Поэт, таким образом, не праздный певец пустого дня; и его герои тоже люди действия — генерал в «Золотой голове»; инженер-гидротехник в «Юной девушке Виолен»; американский купец в «Обмене»; консул в «Полуденном разделе»; политический агитатор в «Заложнике»; архитектор в «Благовещении». И смысл его пьес, если мы читаем их правильно, в том, что не поэтическое чувство, а усилие должно быть нашим хлебом насущным; что простое чувство стерильно и бессвязно (авантюрный Луи Лене в «Обмене» — раб сиюминутного чувства); что деятельность, даже если это злая деятельность, может породить лучшее будущее (кровожадная Мара в «Благовещении», жестокий Туссен в «Заложнике» — не в меньшей степени творцы завтрашнего дня); но что, хотя энергия должна вдохновлять нашу жизнь, все же есть нечто бесконечно лучшее, что приходит не через старания, нечто лучшее, чем вся наша работа и труд, точно так же, как есть нечто бесконечно лучшее, чем Жизнь, что может снизойти на нас, возвысить нас, унести нас в высшую сферу: есть Благодать Божья, есть Вдохновение, есть «La Muse qui est la Grâce!» («Муза, которая есть Благодать!»)
Ибо в глубине души этот поэт летчиков и солдат — своего рода светский монах, оставляющий свою пальмовую ветвь похвалы не завоевателю, а восторженному экстатику — одиночке, умирающему, когда половина его трудов не завершена, отшельнице Виолен, убитой горем жене Туссена Тюрелюра. И мы могли бы начертать на всех его книгах в качестве эпиграфа ту строку из Вульгаты, которую Ренан вписал в монастырскую книгу в Монте-Кассино: «Unum est necessarium... et Maria elegit optimam partem» («Одно только нужно... и Мария избрала благую часть»).

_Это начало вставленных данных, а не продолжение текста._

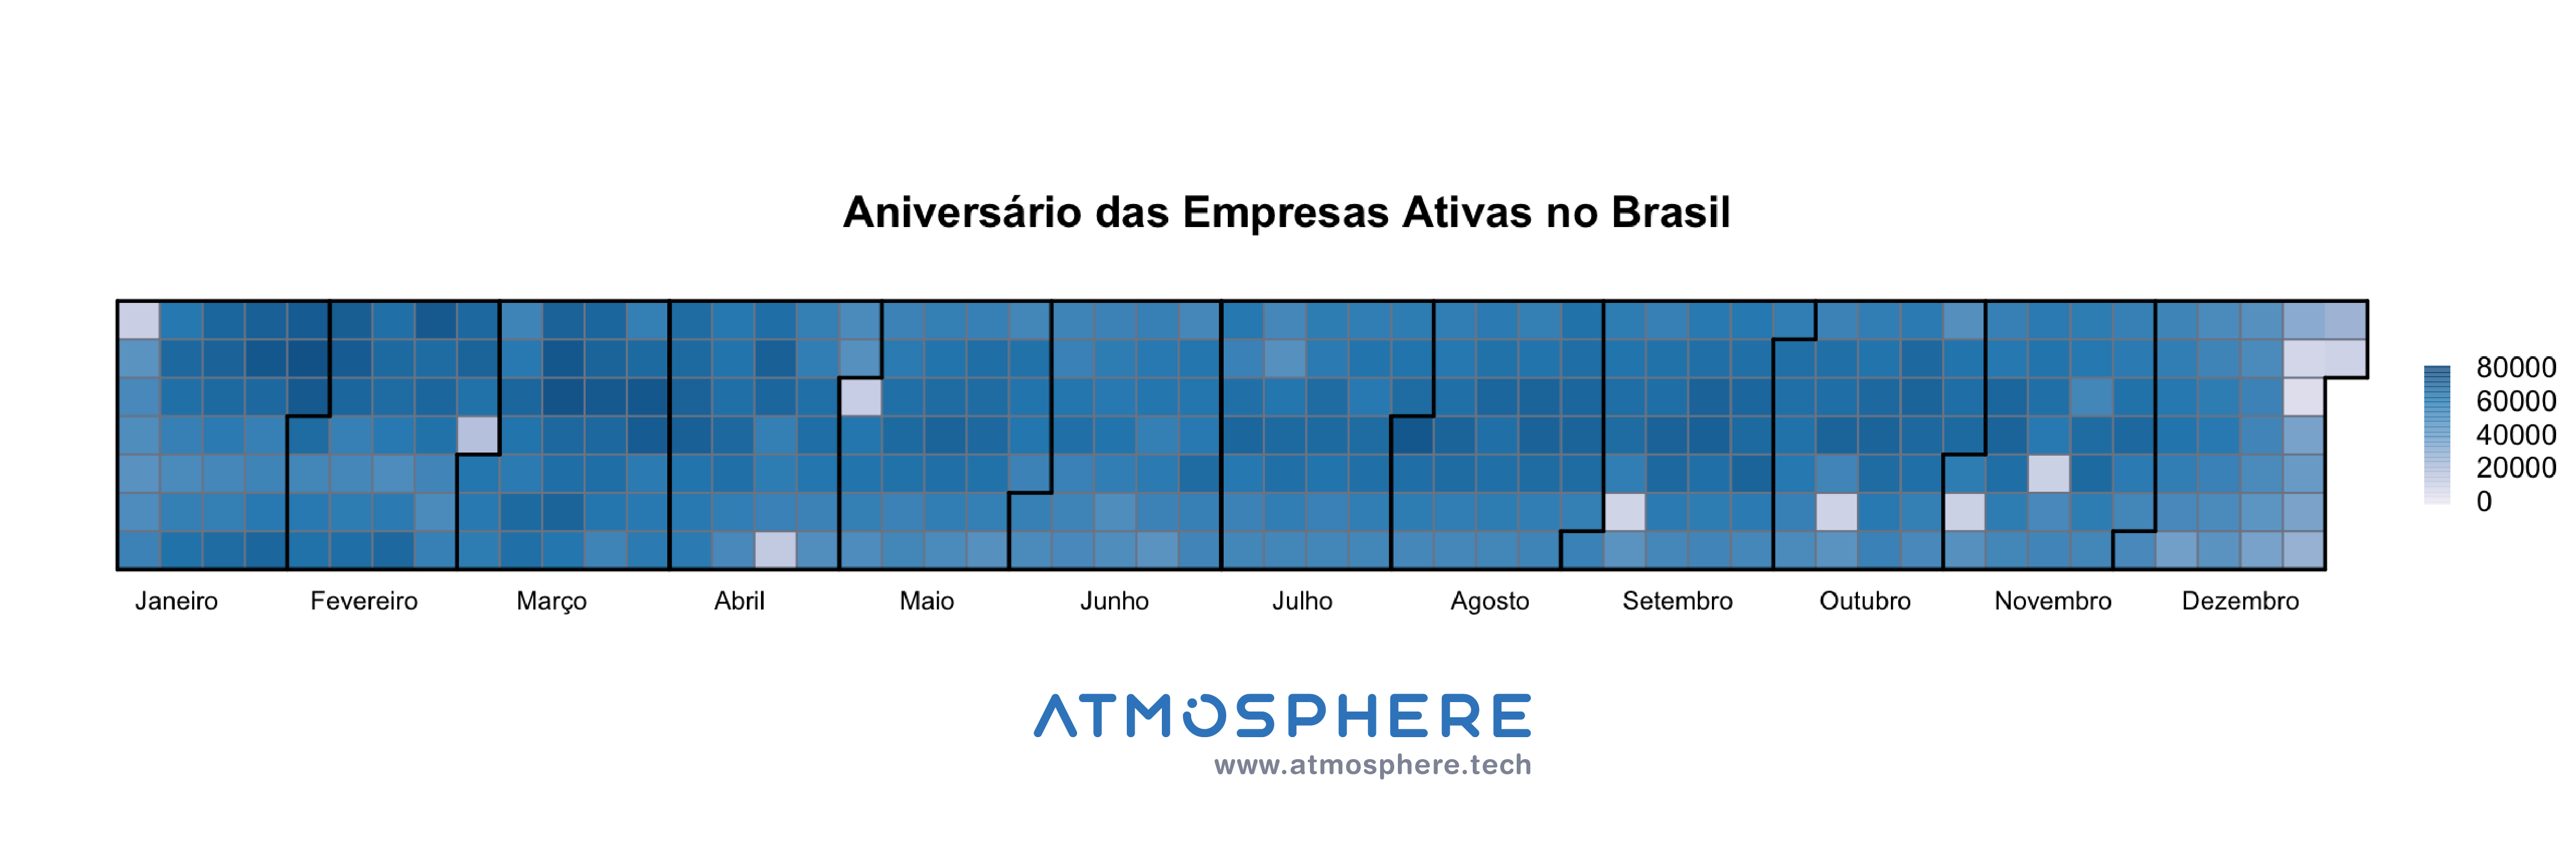 [Oportunidados Calendário de Aniversário das Empresas Ativas no Brasil

Из этих пьес — романтических, сбивающих с толку, чрезмерно тонких — выходят (как женщины Мередита, удивительно человечные, прорываются сквозь мишурную завесу его искусственности) самые живые и самые привлекательные героини. Март из «Обмена» может быть символом, может означать Церковь, как нам говорили, или (как недавно сообщил нам сам поэт) может воплощать одно из состояний его собственной души; она, безусловно, самая очаровательная из француженок — француженка и женщина до кончиков пальцев, благоразумная и чистая, молчаливая и мудрая, женственная и рассудительная, полная хорошо спланированной бережливости и изысканного порядка: тип, который наш поэт не устает воспроизводить.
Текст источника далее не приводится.